I don’t want to call it a “5 year plan” or anything like that. Giving it a time frame just sets it up for some negativity. But that is besides the point.
I have been doing a lot of thinking lately about whats ahead of me. I have never been one for staying put too long. Even in my childhood home, we played musical bedrooms or I was constantly re-arranging. New places seem to inspire and excite me. Do not get me wrong, I absolutely love what I do and who I work with! But I feel down the line I will need a change.
I have always had a dream to either live a year or so on the road and/or on a house boat (traveling). I think it is time to set that plan into motion. I know its not going to be for awhile, but I know its something I feel passionately about. Not to the point that I have expressed it to many people, but that it has always been in the back of my mind. Reading blogs and watching videos of people who have taken the plunge are just getting me inspired!
There are going to be some obstacles of course as with any move or change in direction on one’s life path.
First of all. ME! If you know me, I am not so great with strangers and getting out there and so on… Social anxiety would be the proper term for this. I feel I have come a long way from where I was, but I know that might stop me here or there. I have time to work on this. And at a certain point, necessity could take over and take care of that for me.
Second. BILLS! frickin student loans. and other things that could pop up here or there. But. again, its a long term goal and it will be worked towards. I would have at least a loose game plan for income. Hopefully a small cushion. Worse comes to worse, its an extended vacation and I can always check back into the real world if needed. Although, I don’t want to say it quite like that, as that journey has potential to be more real that anything I have experienced yet. Living on the road has potential to help me save (depending on other factors as well ..) also.

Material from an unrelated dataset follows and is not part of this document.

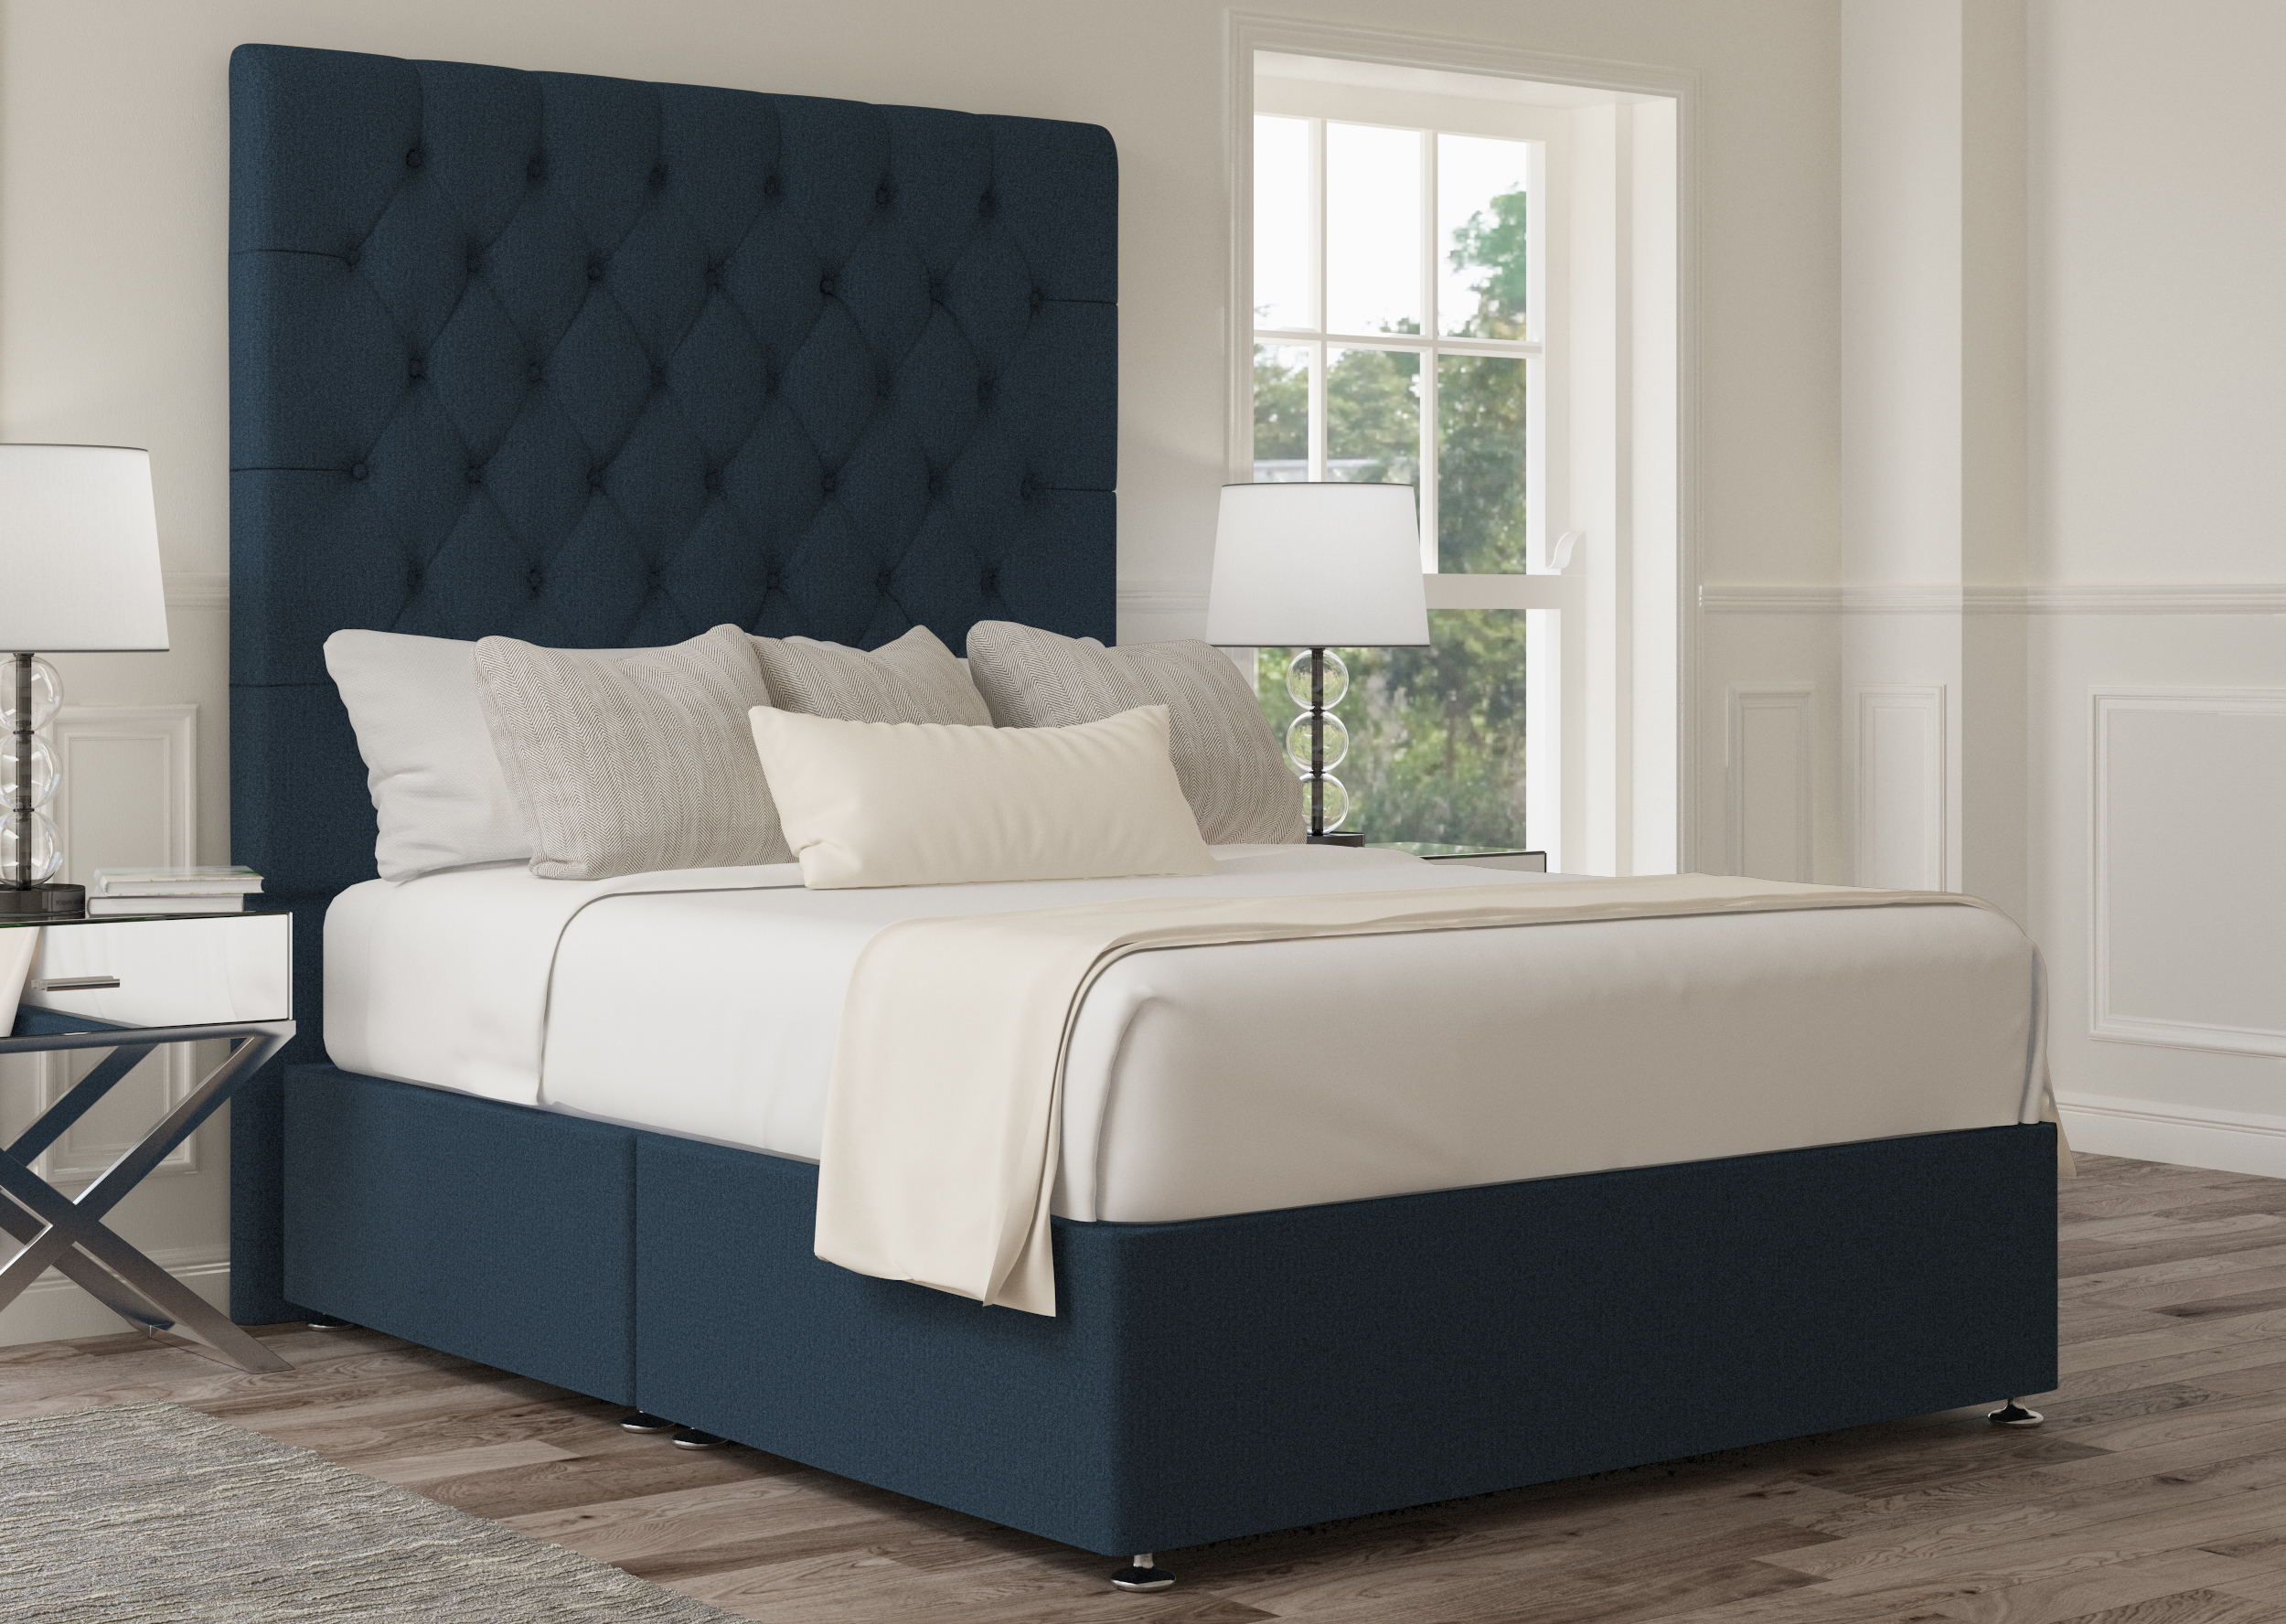 View Sephora Arran Pebble Upholstered King Size Bed Time4Sleep information

Third. Deciding and Purchasing a set up. I would need a vehicle that has towing capabilities and a trailer. Or a Camper Van or whatever other options there could be. But I just need room for me and maybe a guest if I have any friends tag along. This section has a whole lot of research that needs to be done. Insurance, mechanical, licensing, ability to maneuver on my own. I feel as though maybe before THAT decision, I could take a couple months or a very short trip with just my fuel efficient car and a tent to get a feel for “the road”. But, I still want my car to have SOME trade in value. Or maybe I can just run it to the ground. We shall see. Thats a few years out yet.
Fourth. Safety. This is a big one. Especially if I am out on my own. I feel a few self defense courses and looking into firearm/weapon/mace laws are high on the list since I am a single female by myself. Or a pet. Maybe a big dog, although I am not much of a pet person
Fifth. Connectivity with the world. I want to be able to do my photography (in whatever form) so I would need to look into a portable set up and figure out phone/internet/gps etc.
Sixth. STUFF. I has a lot. I am preparing myself to start the process of cutting down on the possessions that I have. After moving, I know there are things I have not seen or thought about in a year, and that should help.
So… those are the big things that need to be faced in the time leading up to this journey. I am in no huge rush to get to the departure point, but the sooner I start, the closer it will be!
Then comes the fun part. Planning (or not planning!) the adventure. Where to go, who to visit, what to do, who’s coming with me etc… On my short (but growing list…) of things that I want to do: Visit the girls that I grew up with for a bit in Virginia (wherever they may be now..). I would love to visit every continental state and if possible, the other ones as well. I would like it to be a photography ‘challenge’ as well. Like, a collection of “Welcome to STATE” road signs or something. I would love to work on a flower farm. I would love to work or volunteer for a theatre company somewhere. I would like to hit up a couple festivals. Burning Man comes to mind. I would like to volunteer for places that are hit with tornadoes or hurricanes, physically doing *work* or after sticks and mortar are put back together, I could donate family portraits. I would love to visit some of our country’s visually stunning landmarks. Redwood Forest. A volcano. The Desert.
I feel like I am pretty set in the idea that I want to do this. Baring only extreme financial difficulties getting this going, the only other thing that could keep me from this is a relationship or having kids. Which… really doesn’t look like that’s in the cards anytime soon and if its not soon, then its not at all. Even then… that might not stop me. Who knows. For now, that is the game plan. It might take doing this, to get to that ‘milestone’ in my life. Either way, I am not worried.
I have no intention of making this a permanent gig, unless it really is THAT amazing. Which it totally could be. I want to think of it as Traveling and experiencing everything I can, while I can (otherwise known as LIVING!) and potentially window shopping for a permanent setup for down the line. I don’t know if I want to stay in the Midwest forever. Yes, being close to friends and family is great but I am still talking waaaaay down the line. So, don’t get upset about it yet. I still love you all!
And so … concludes the first installment of what I hope to be a great adventure.
Thanks for taking the time to read! Please share your thoughts!